* ACTIVITY: Write out exactly, excluding pictures, the lines from the one containing "Jessica Elaine Garcia" through the end of the data, both included.

(THE DATA begins)

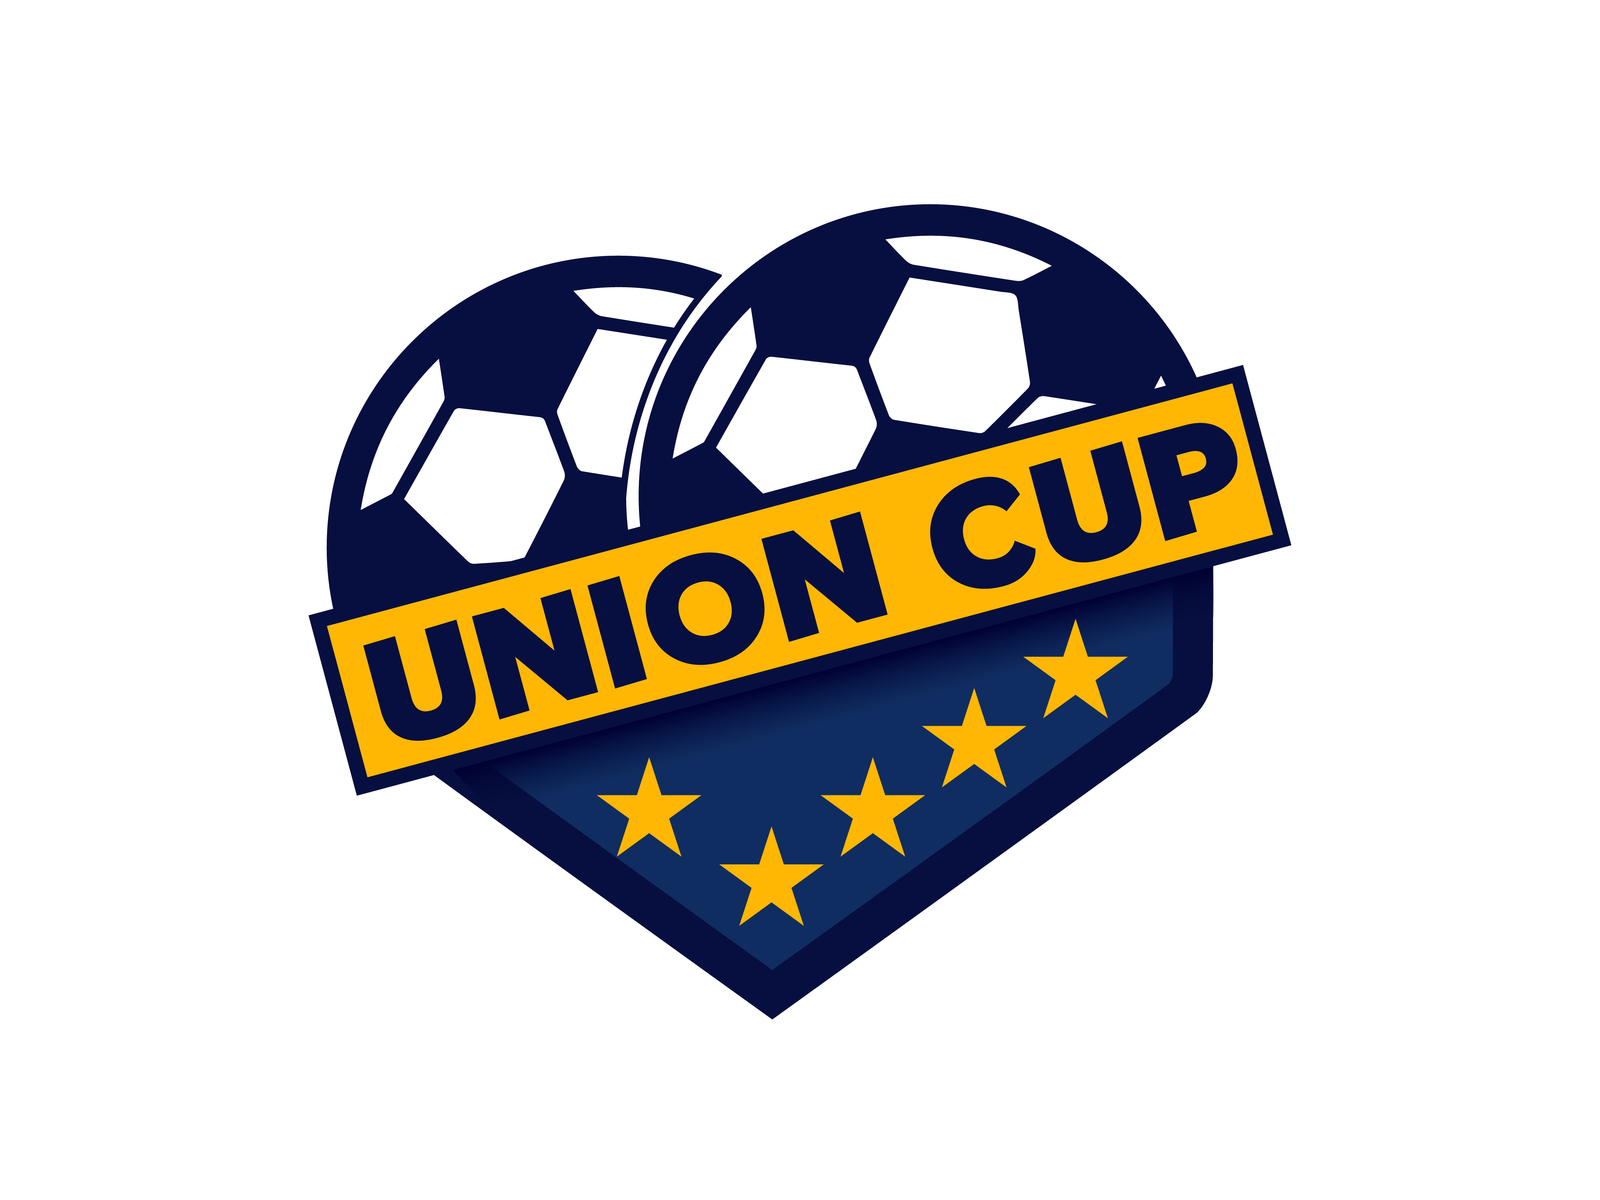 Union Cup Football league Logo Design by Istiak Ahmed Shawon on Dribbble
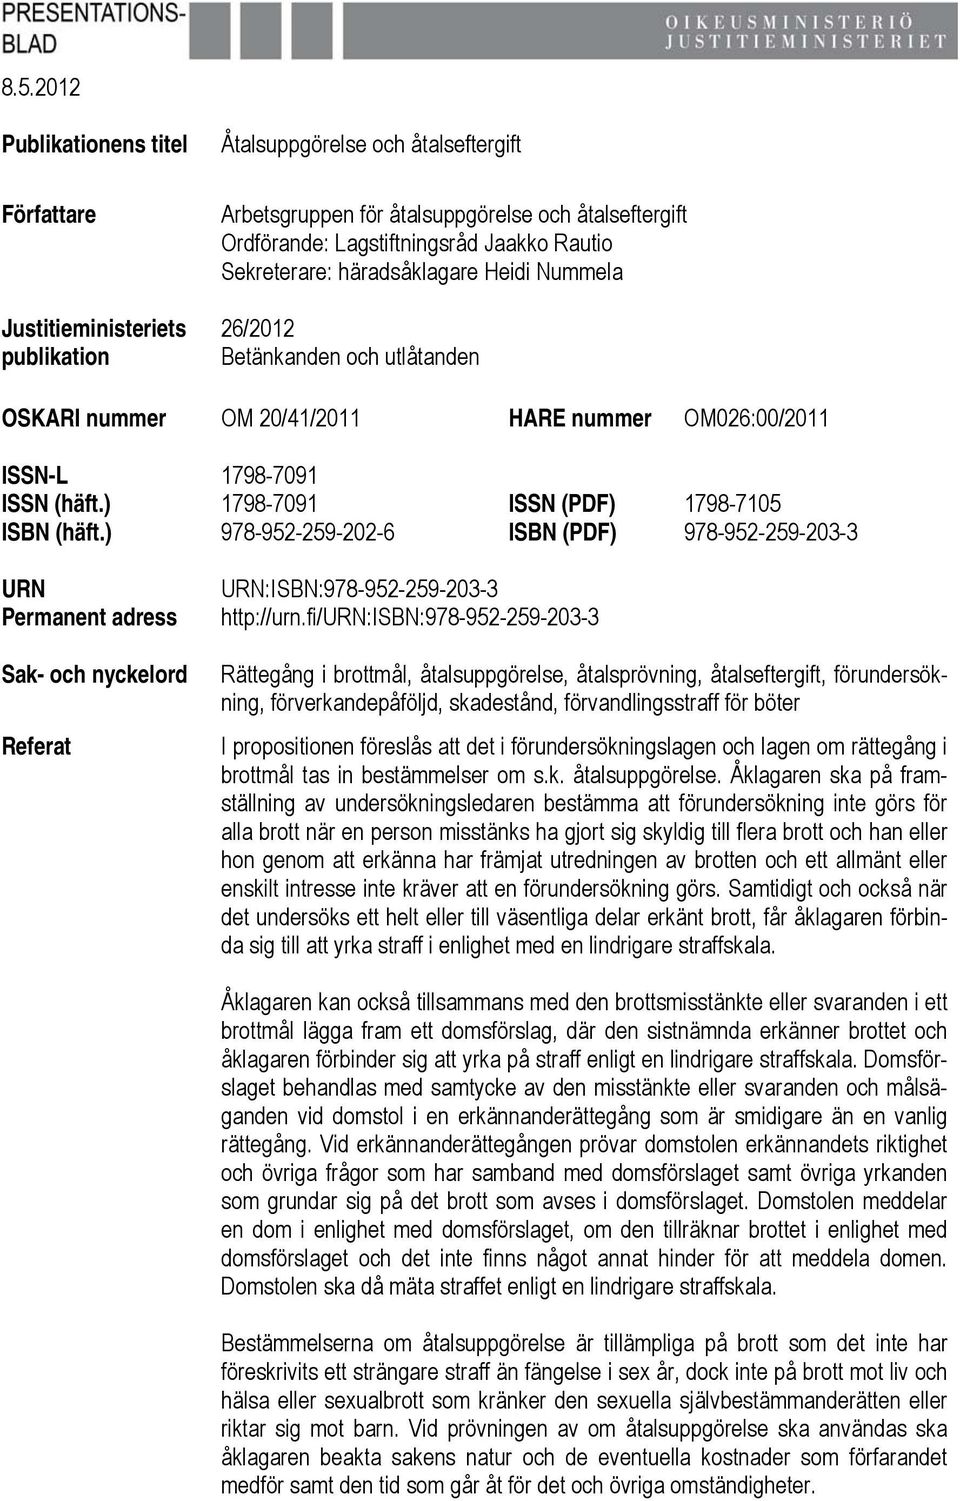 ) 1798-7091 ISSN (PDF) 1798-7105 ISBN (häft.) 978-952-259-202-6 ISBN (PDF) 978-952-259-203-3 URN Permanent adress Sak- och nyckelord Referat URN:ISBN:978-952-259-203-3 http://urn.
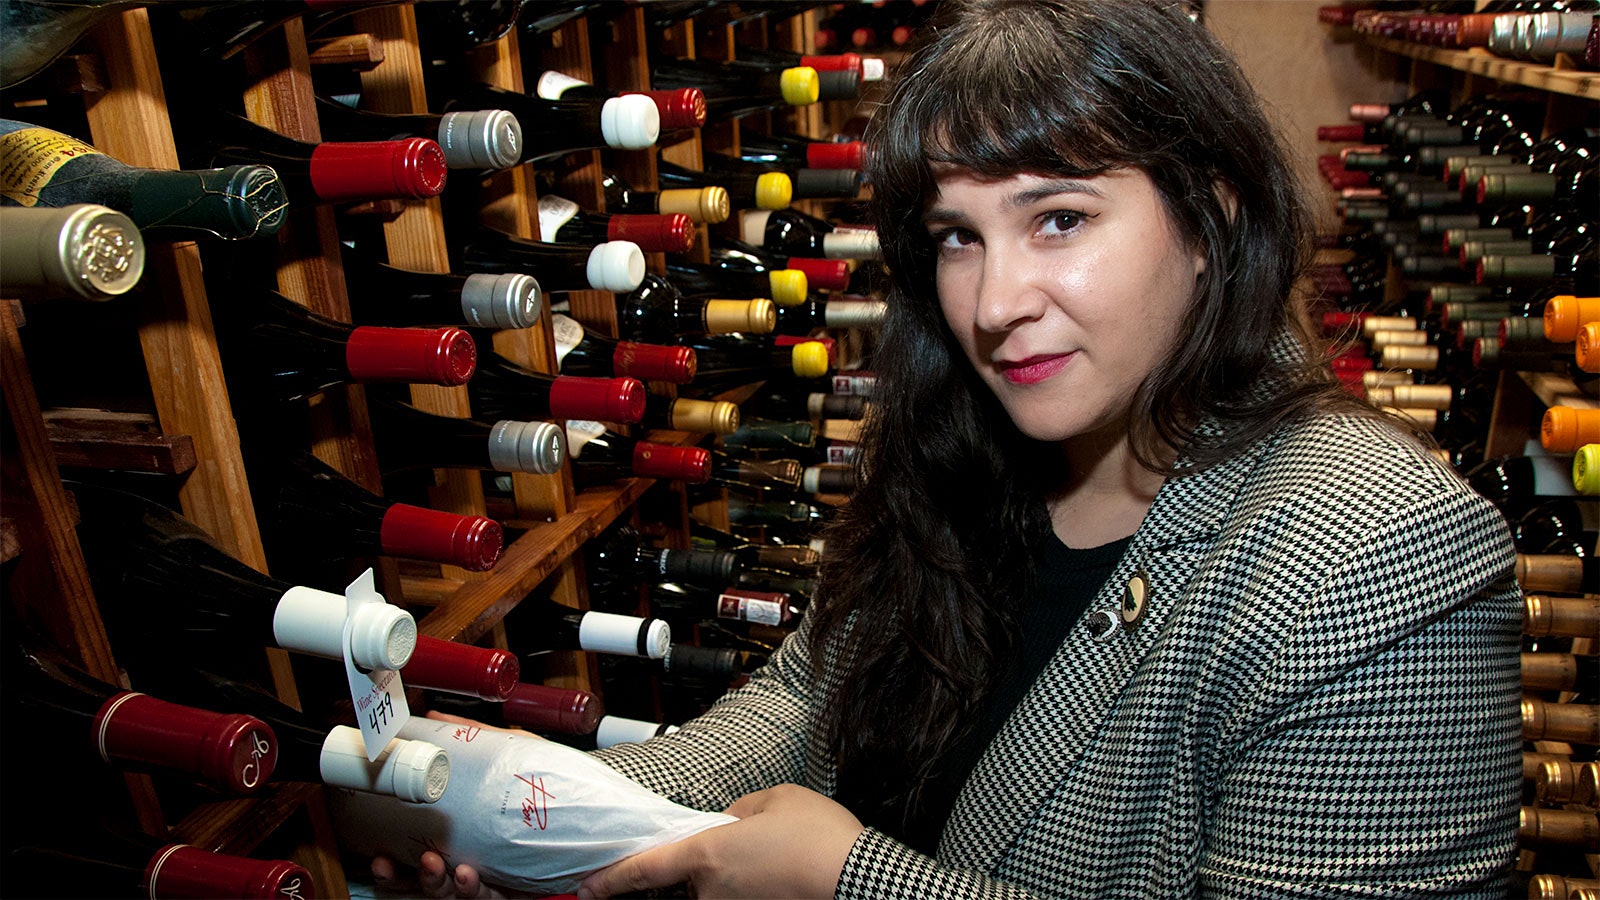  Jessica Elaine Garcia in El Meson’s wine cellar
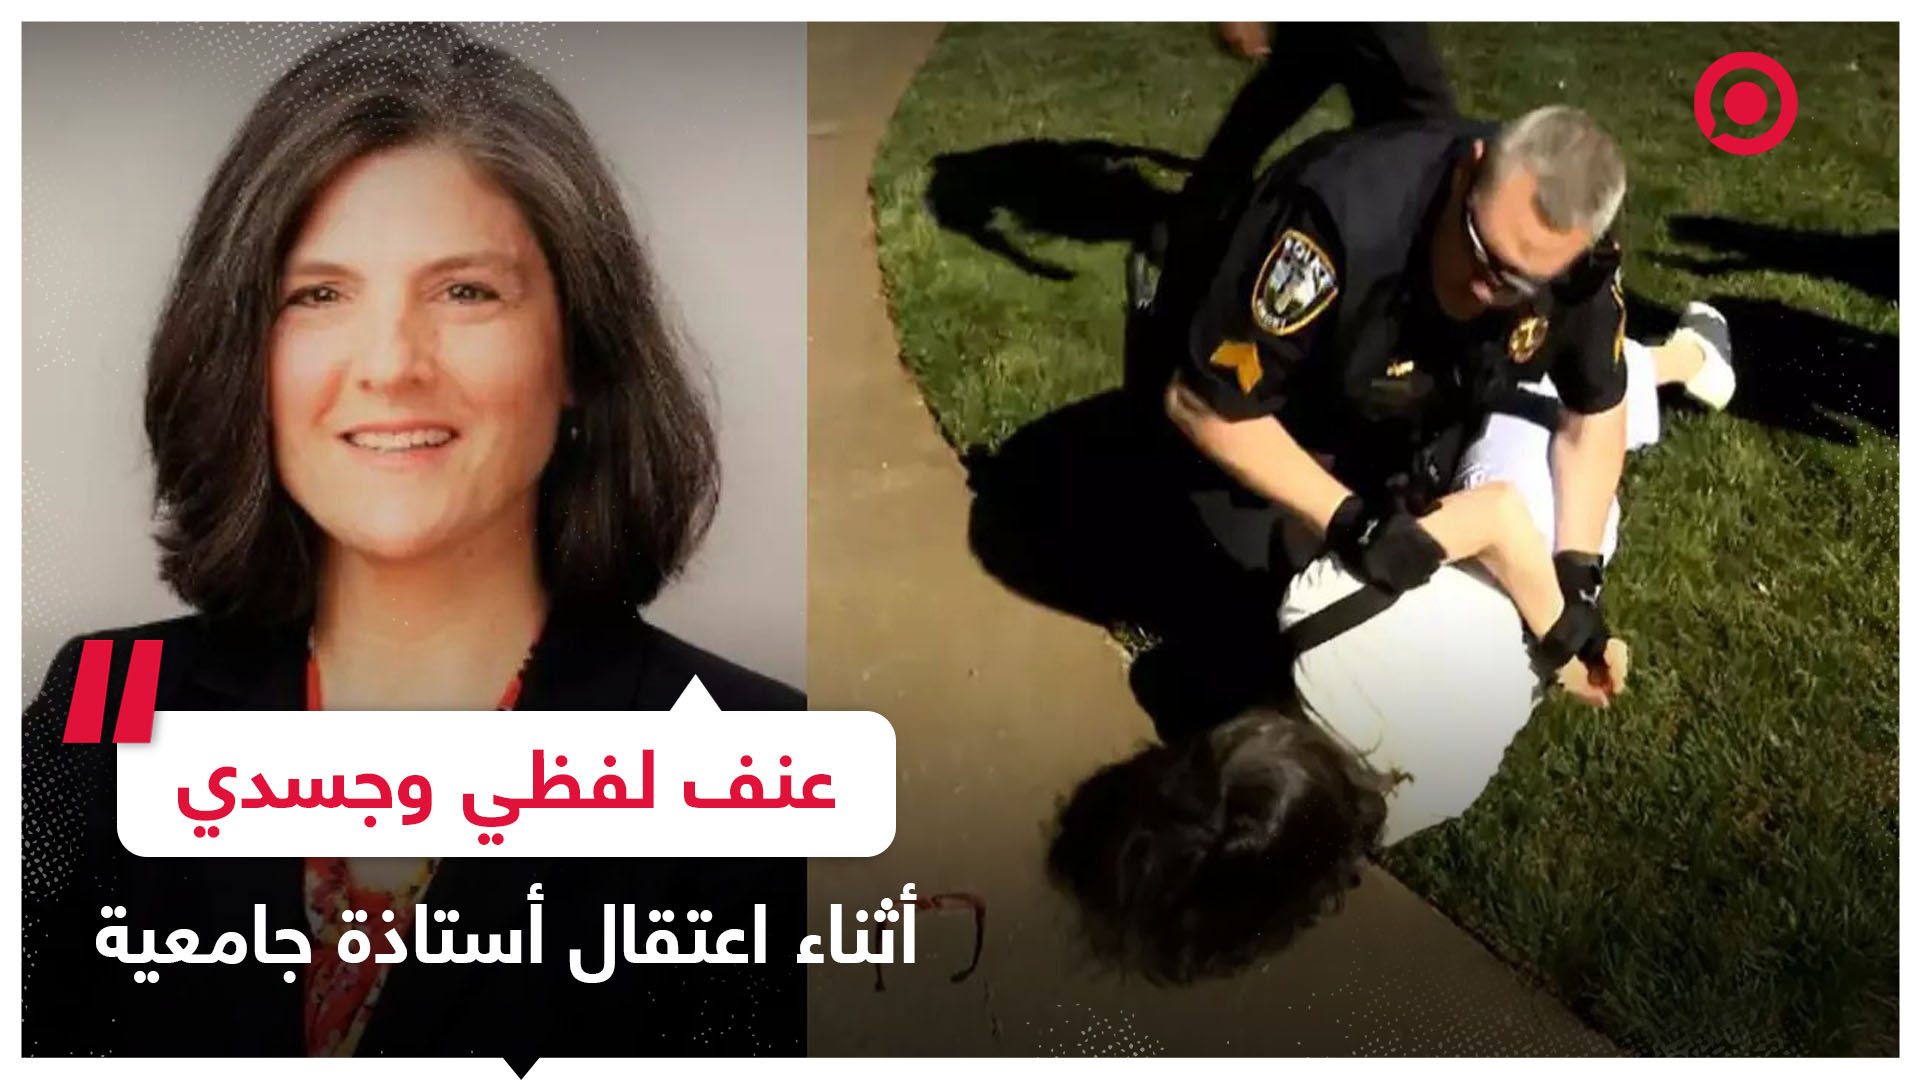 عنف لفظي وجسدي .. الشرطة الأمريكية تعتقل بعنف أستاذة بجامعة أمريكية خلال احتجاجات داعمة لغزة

(THE DATA ends)

* WORKED SOLUTION:
  Jessica Elaine Garcia in El Meson’s wine cellar
 عنف لفظي وجسدي .. الشرطة الأمريكية تعتقل بعنف أستاذة بجامعة أمريكية خلال احتجاجات داعمة لغزة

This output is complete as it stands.